== Task to complete ==
Omit the pictures and return exactly the stretch of the material below from the line with "美品 FURLA フルラ" through the line with "Comment_prendr".

== Data for review ==

■ ■ ■

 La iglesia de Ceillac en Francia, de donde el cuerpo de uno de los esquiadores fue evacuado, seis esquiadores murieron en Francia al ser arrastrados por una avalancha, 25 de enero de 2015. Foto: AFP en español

■ ■ ■

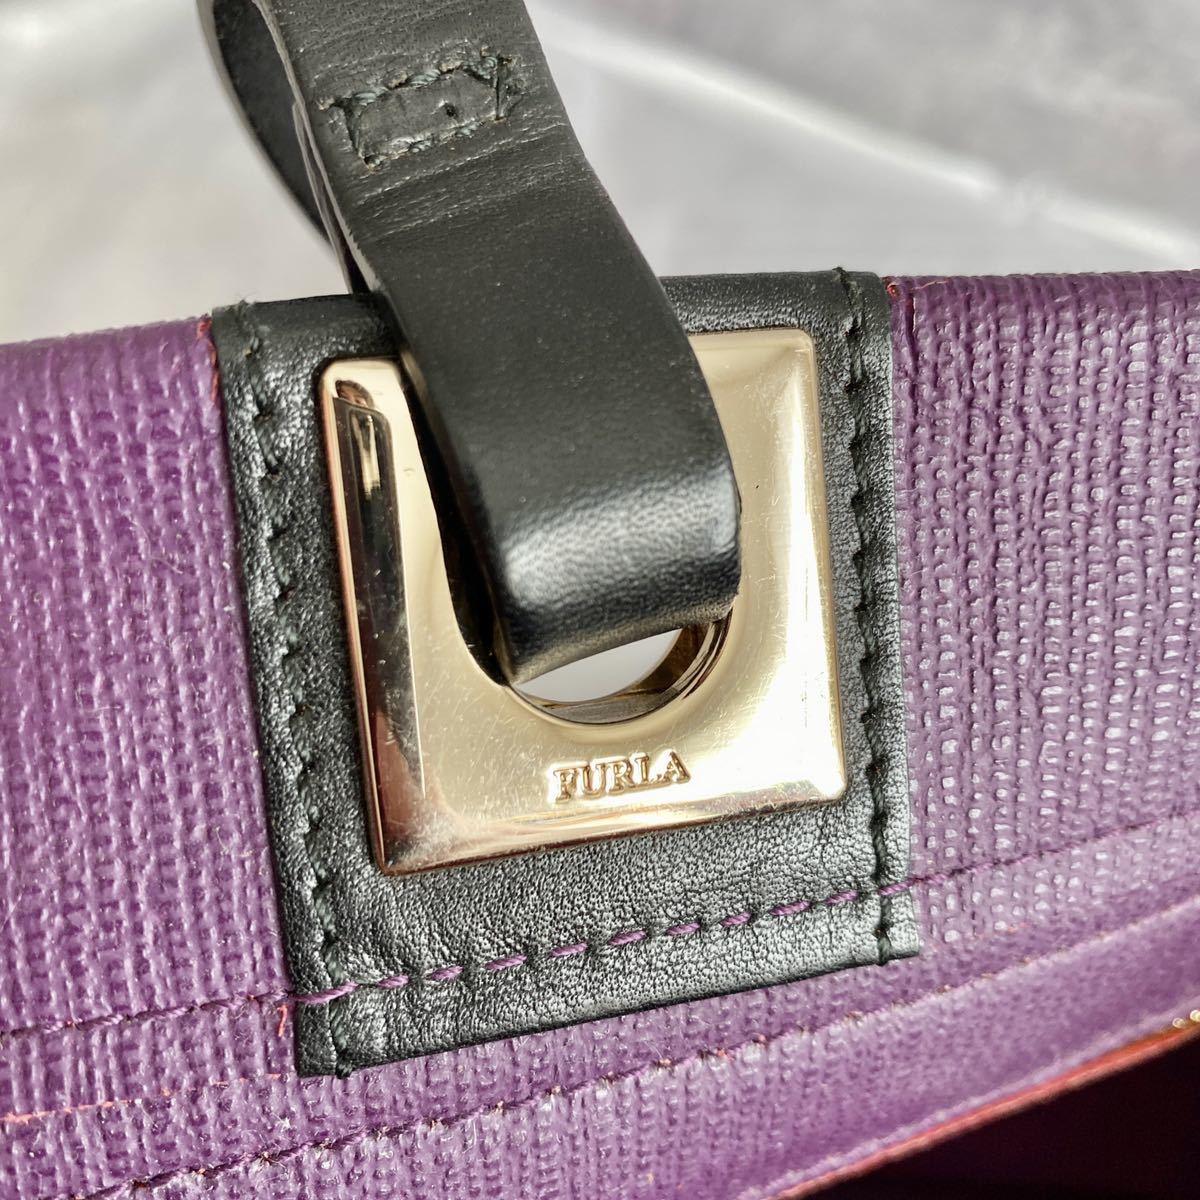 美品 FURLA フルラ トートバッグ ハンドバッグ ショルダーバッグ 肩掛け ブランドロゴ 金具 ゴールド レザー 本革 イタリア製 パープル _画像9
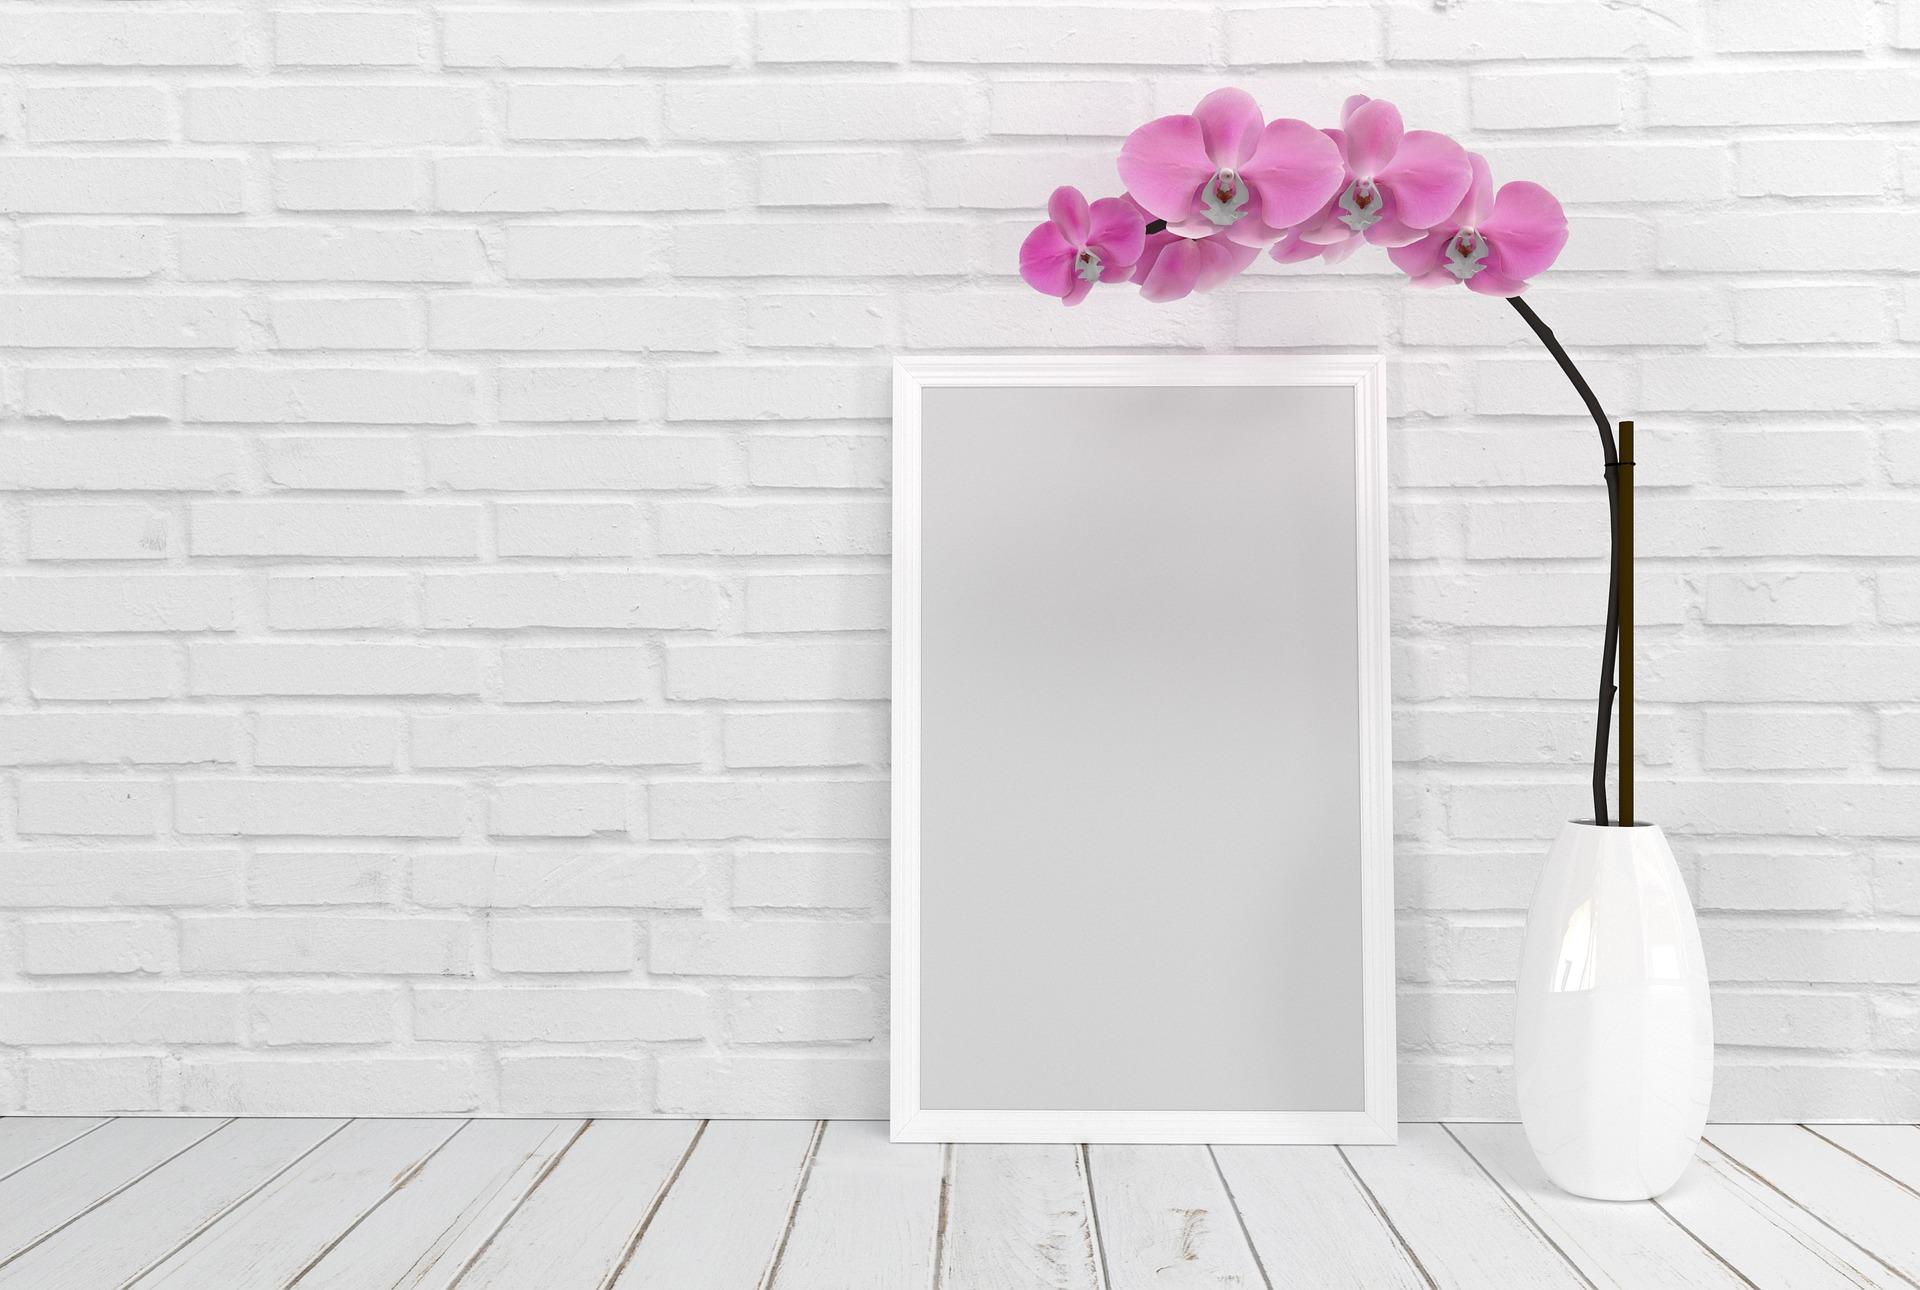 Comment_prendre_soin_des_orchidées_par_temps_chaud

■ ■ ■

== Written solution ==
 美品 FURLA フルラ トートバッグ ハンドバッグ ショルダーバッグ 肩掛け ブランドロゴ 金具 ゴールド レザー 本革 イタリア製 パープル _画像9
 Comment_prendre_soin_des_orchidées_par_temps_chaud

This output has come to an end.